За пять верст от престольного армянского монастыря Ермолов был встречен пятью епископами, которые, сойдя с лошадей, благословили его. Более чем за версту выехал сам патриарх. Русского главнокомандующего приветствовали колокольным звоном и духовным пением. Здесь, несмотря на настояния персидских чиновников, предлагавших без роздыха ехать прямо в Эривань, Ермолов остался на праздник Вознесения.

Эчмиадзин, что в переводе означает «сошел единородный», был построен, по преданию, в 303 году. Внушительный по размерам храм был отделан плитами из порфира, потемневшими от времени. Посреди храма – престол с четырьмя колоннами из таврского алебастра. Слушая прекрасную проповедь католикоса, Алексей Петрович с прискорбием примечал, в каком унизительном положении находится этот почтенный старик. В то время как сам чрезвычайный посол не только не сел в предложенные кресла, но даже отказался встать на специально разостланный для него ковер, шахские чиновники, чтобы унизить армянского патриарха, во время богослужения потребовали себе стулья и громко переговаривались. Когда католикос упоминал имя русского императора, то вслед за этим должен был громко прокричать и имя шаха, иначе его подвергли бы наказанию. Эчмиадзинский монастырь постоянно грабили, совершали в церкви бесчинства, а сам католикос ежеминутно рисковал лишиться жизни.
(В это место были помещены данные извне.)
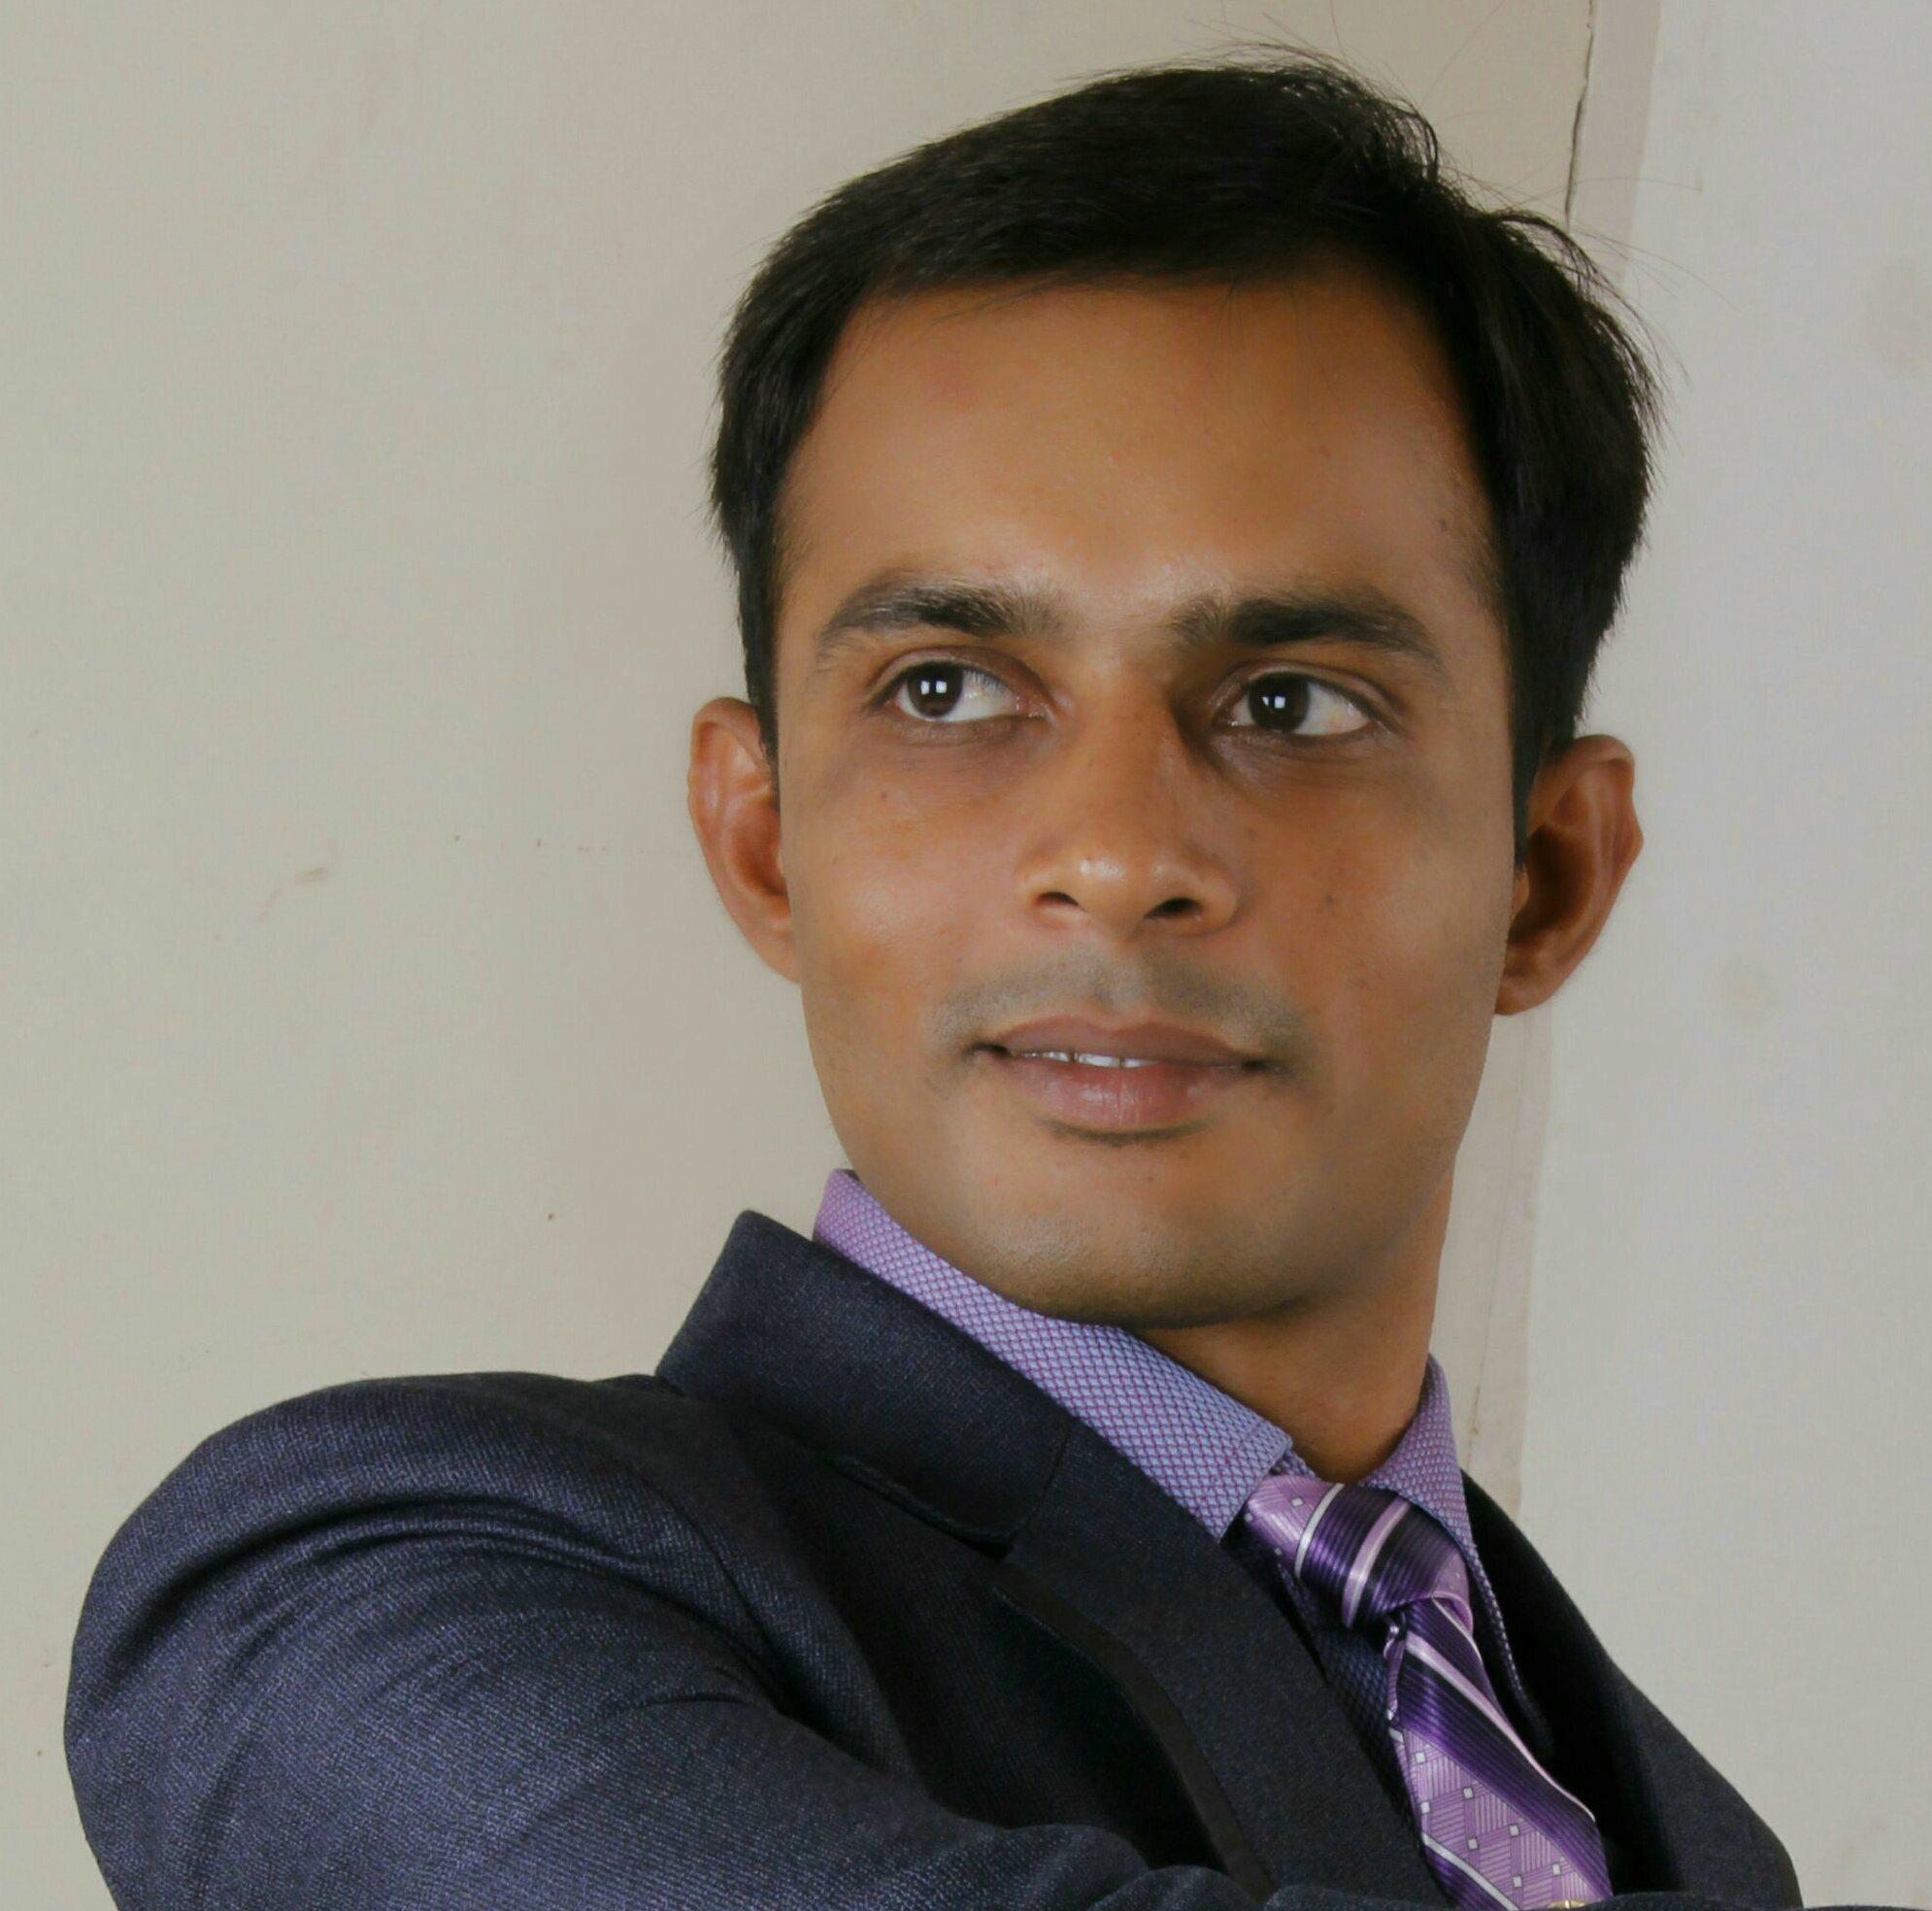 Karshan

Армянский народ изнывал под игом Фетх-Али-шаха. Едва Ермолов углубился в Эриванскую область, как был засыпан жалобами местных жителей на притеснения персов и изъявлением желания присоединиться к России. Но он не имел права на неосторожные обещания и рискованные поступки: вокруг примечено было большое число шпионов, которые доносили о каждом шаге русского посла.

В столице Эриванской области Тебризе жил третий сын и наследник шаха – Аббас-Мирза. Ярый противник России, он фактически управлял страной и вооружался для новой войны. В формировании армии ему деятельно помогала Англия.

Еще в 1809 году англичане вытеснили из Тебриза наполеоновского генерала Гарданна и его офицеров, первых учителей Аббаса в военном деле. Аббас-Мирза организовал регулярную пехоту – сарбазов. При нем находились майор британской службы Монтис и капитан Харт, ставший начальником всей пехоты.

– Они здесь то, чем были капитаны-греки у сатрапов Малой Азии... – говорил медик посольства Мазарович Ермолову.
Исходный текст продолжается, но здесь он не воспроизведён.